Models backstage prepare for Grace Wales Bonner’s show at Lindley Hall in London. Photograph: Tabatha Fireman/Getty/BFC
Lovers Rock, the reggae genre popular in London in the 70s and 80s, had an unexpected moment in the fashion spotlight on Sunday night at the capital’s menswear shows. Grace Wales Bonner, a much-hyped designer who has dressed Meghan, Duchess of Sussex, dedicated her London fashion week collection to the music, and the scene that surrounded it more than 40 years ago.
Bonner’s collection drew heavily on the Rastafarian colours Photograph: Stuart Wilson/BFC/Getty
Lindley Hall, a grand building in equally grand SW1, was transformed into a homage to a youth centre.
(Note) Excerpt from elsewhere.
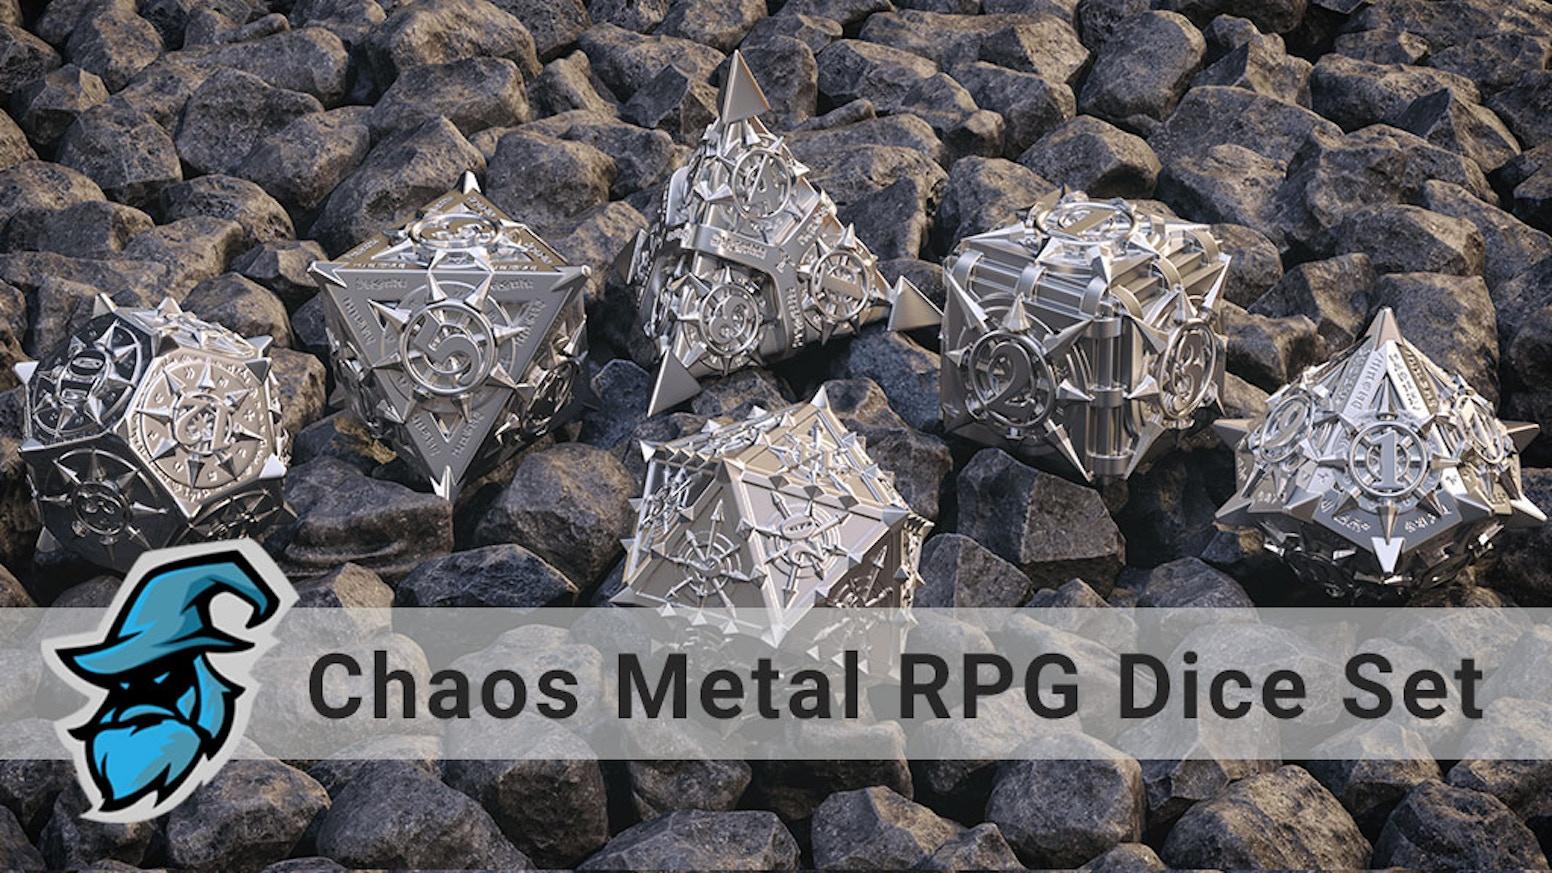 Path of Chaos Metal RPG Dice Set  - D4, D6, D8, (2x) D10, D12, D20

Guests including the artist Isaac Julien, the footballer Héctor Bellerín and poet Wilson Oryema sat at round tables, and fruit punch and Jamaican patties were offered as refreshments. In the show notes provided, Wales Bonner explained that she was inspired, in part, by John Goto’s photographs of second-generation British Caribbean and Asian young people at Lewisham youth centre for lovers rock parties. The soundtrack – put together by Jamie xx – was blasted out of speaker stacks, as it might have when these images were taken.
The collection stuck close to the theme. It began with a crisp wool suit with a polo neck – a classically 70s combination, but with a minimalism that did away with any accusations of retro. Across women’s and menswear, trenchcoats, knits, tracksuit trousers and donkey jackets followed, along with shirts printed with paintings by the British-Guyanese artist Frank Bowling.
The red, gold and green of the Rastafarian flag were used on hats, vests and coats. All the clothes felt modern despite the references. This is one of Wales Bonner’s strengths. While her references are so academic that she provides a bibliography for each collection, she is able to translate her area of historical interest – be it lovers rock, Howard University in the 60s, or the court dress of Haile Selassie – into clothes that people want to wear.
The show featured polo necks, trenchcoats, knits, tracksuit trousers and donkey jackets Photograph: Stuart Wilson/BFC/Getty
After the show, Wales Bonner – a somewhat serene presence in the usually frenetic world of a fashion show – explained that the inspiration for this show had been, as she put it, “inevitable” because of its proximity to her own background, and her Jamaican father’s experiences in London in the 70s. “I was thinking a lot about people coming into community centres and creating their own parties,” she said. “I was looking at John Goto’s Lovers Rock series and saw my family reflected in it.”